East Avenue: Your Dream Asian Hip-Hop Crew

Want to try broadening your music tastes, but don’t know where to start? We here at Vulture have got you covered by making life easier for you to navigate a whole new world of Asian music. Listen to one track or play them on repeat; we guarantee that these tunes are sure to spice up your playlist. And you can pretend to be more refined and international about your music tastes to your friends too.

For the past month, we’ve been putting together our dream team of hip-hop musos that kill it on stage. There’s nothing like busting out those rhymes to get you into the mood.

 

First to make it to our crew is definitely Epik High. Big on vibes and even bigger on stage presence, the alternative hip-hop trio hailing from South Korea plays around with beats and lyrics for a distinctly groovy sound. With each member – Tablo, DJ Tutukz and Mithra – all coming from different rap backgrounds, this side project combines the best to create timeless songs. Epik High had a rough start, and started off with more anti-fans than fans, but they managed to pull through, becoming the first South Korean rap group to perform at the acclaimed Coachella. Nothing will be able to stop these guys! Take a listen to ‘One’, one of their biggest hits still to this today.
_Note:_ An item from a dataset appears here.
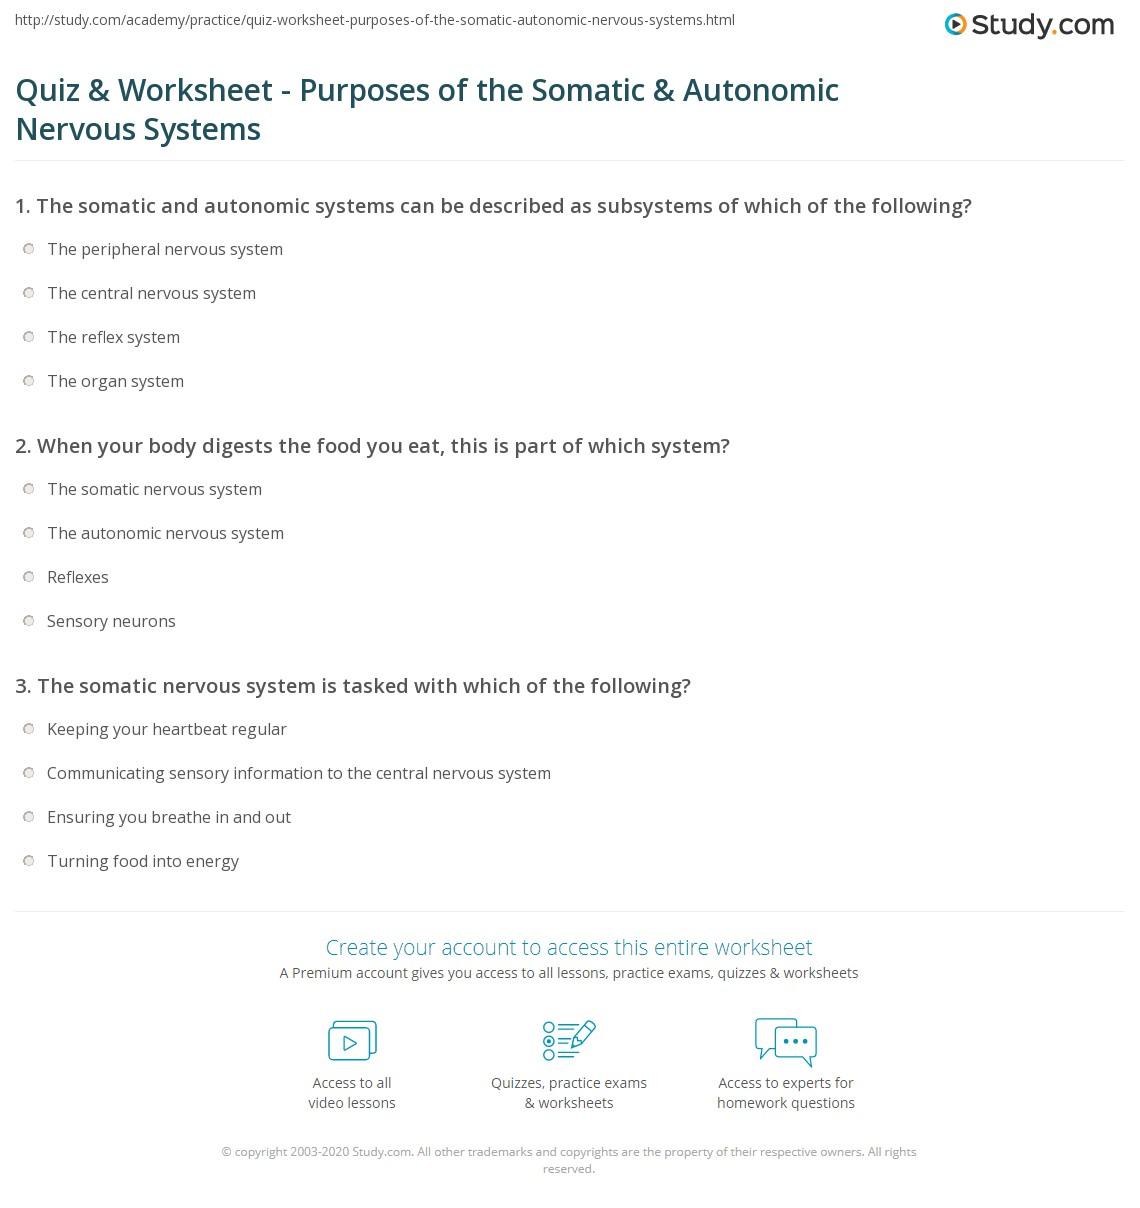 Quiz Worksheet Purposes Of The Somatic Autonomic Nervous

Next up is ShiGGa Shay from a little city called Singapore. With the multicultural and diverse background of the Singapore music scene, ShiGGa Shay is exposed to a variety of genres and styles that is reflected in his rap lyrics. He might look all hype and no talent, but if it’s one thing that ShiGGa Shay can do, it’s rap. Not just rap in English, but also in Hokkien and Mandarin. Reaching the peak of his career with the success of his crew the Grizzle Grind Crew, ShiGGa Shay recently dropped his self-titled debut album. Our favourite pick from the album is ‘LimPeh’ (directly translation: father) which is a track commentary on Singapore’s stereotypes. But ShiGGa Shay is not content with just dominating the rap scene; he has even bigger plans, with directing and shooting a movie somewhere in the horizons.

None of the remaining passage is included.